Pictures should be left out while the data beneath this task is written out word for word.

▶ [Supplied material]:
§

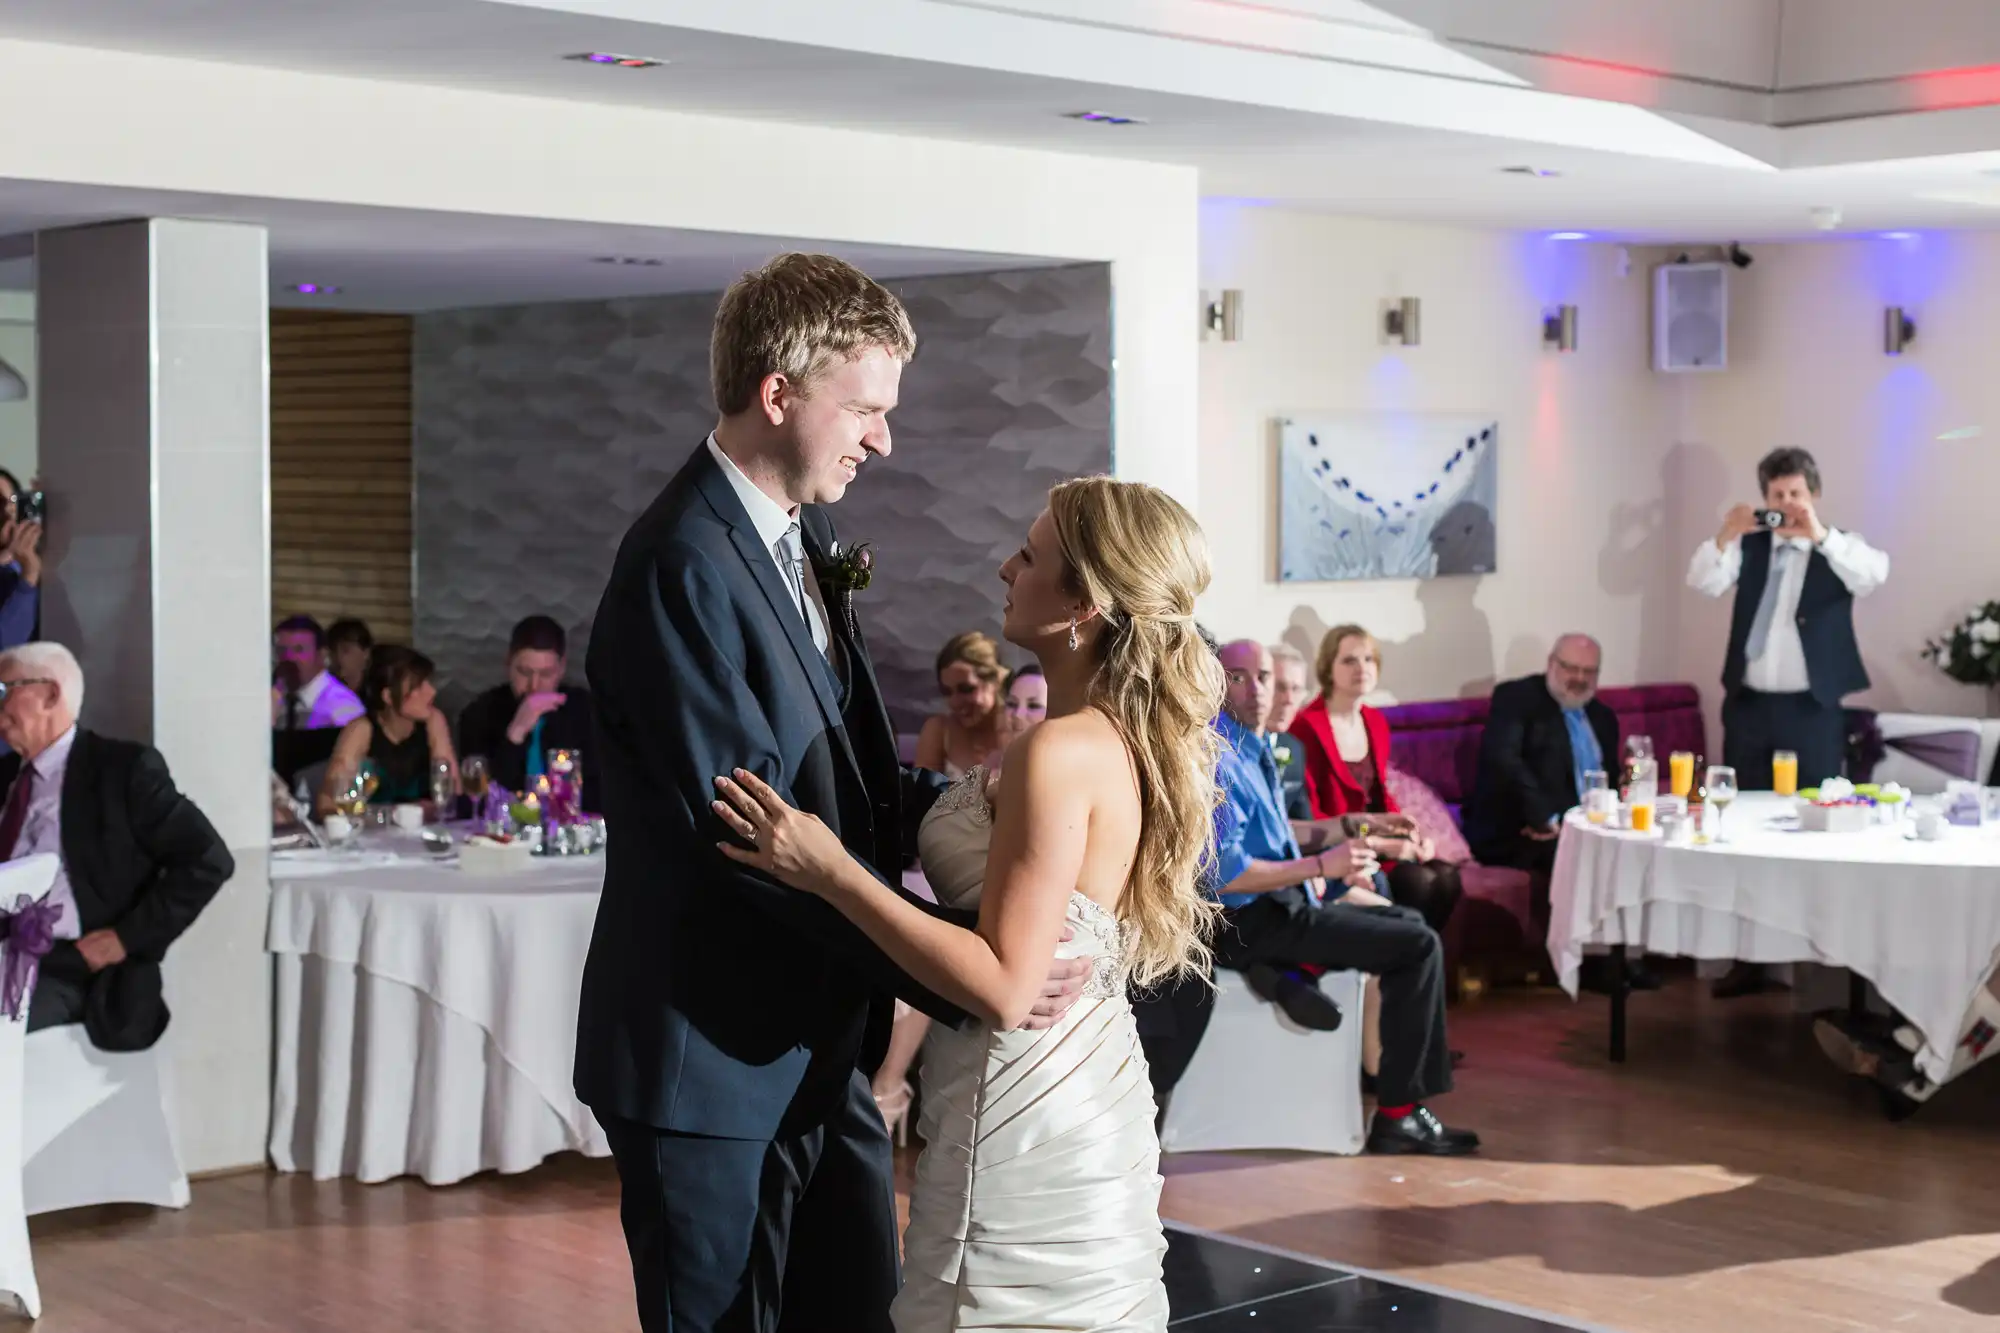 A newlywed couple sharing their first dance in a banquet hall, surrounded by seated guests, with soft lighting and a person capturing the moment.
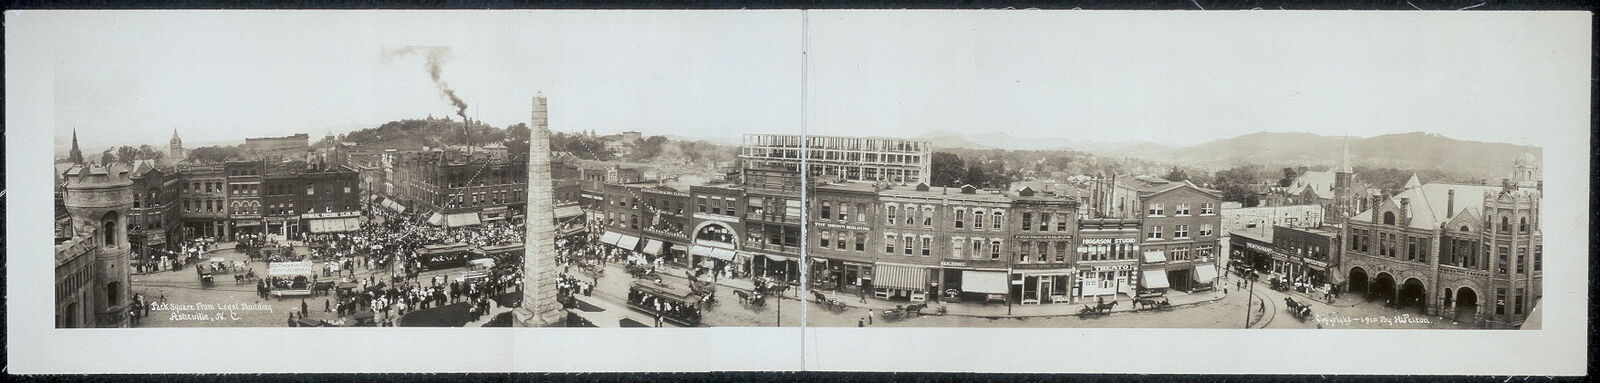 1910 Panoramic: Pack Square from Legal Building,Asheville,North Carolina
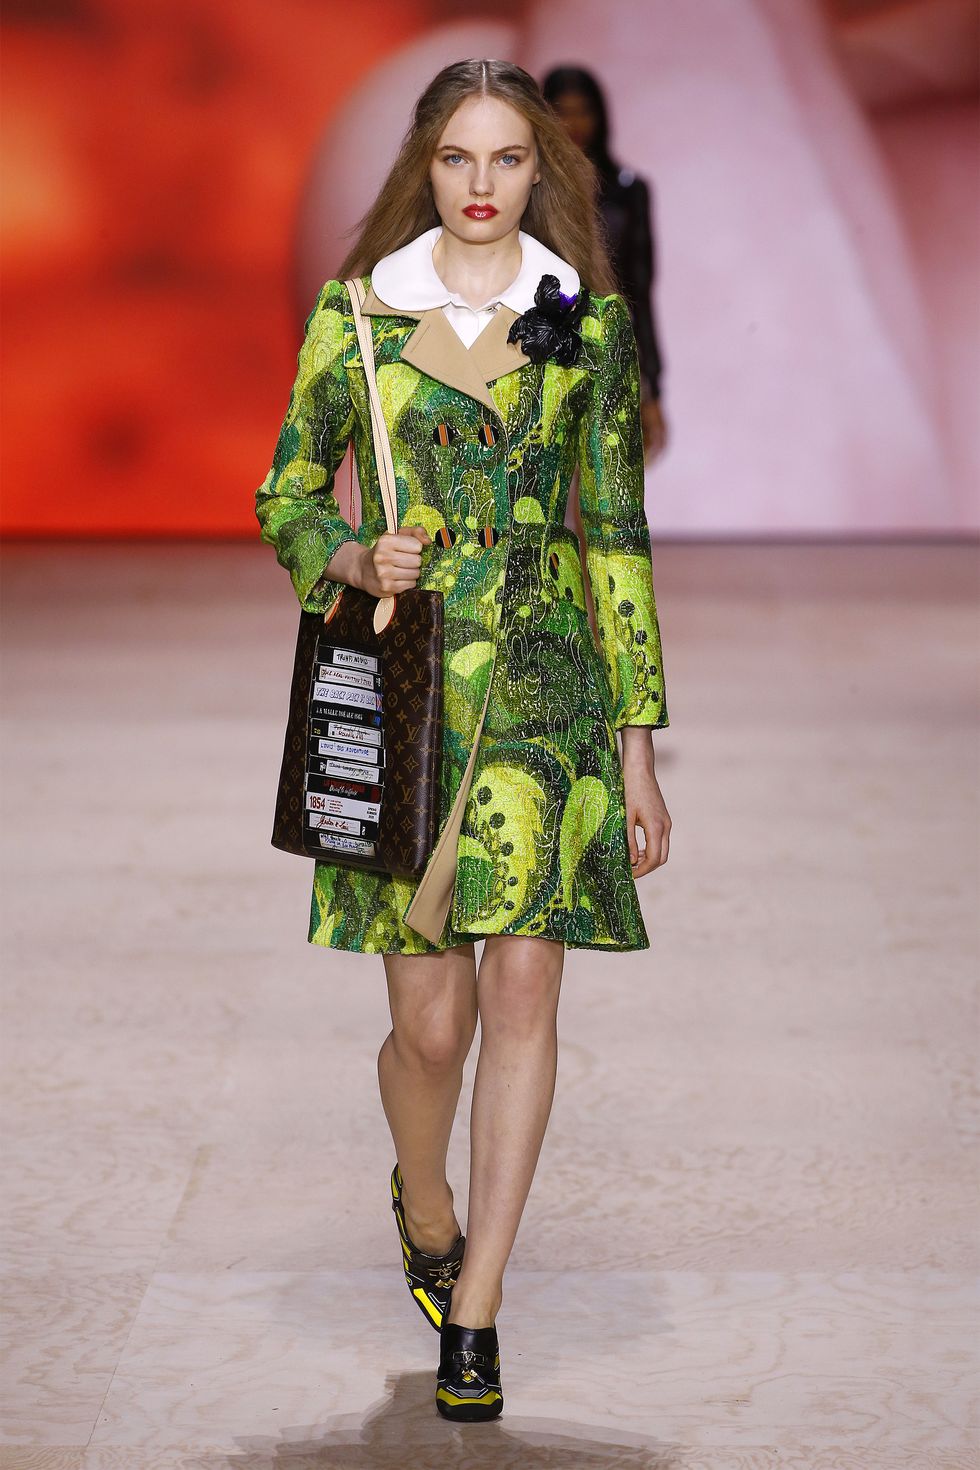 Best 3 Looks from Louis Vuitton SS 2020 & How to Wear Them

§

▶ [Exercise result]:
 A newlywed couple sharing their first dance in a banquet hall, surrounded by seated guests, with soft lighting and a person capturing the moment.
 1910 Panoramic: Pack Square from Legal Building,Asheville,North Carolina
 Best 3 Looks from Louis Vuitton SS 2020 & How to Wear Them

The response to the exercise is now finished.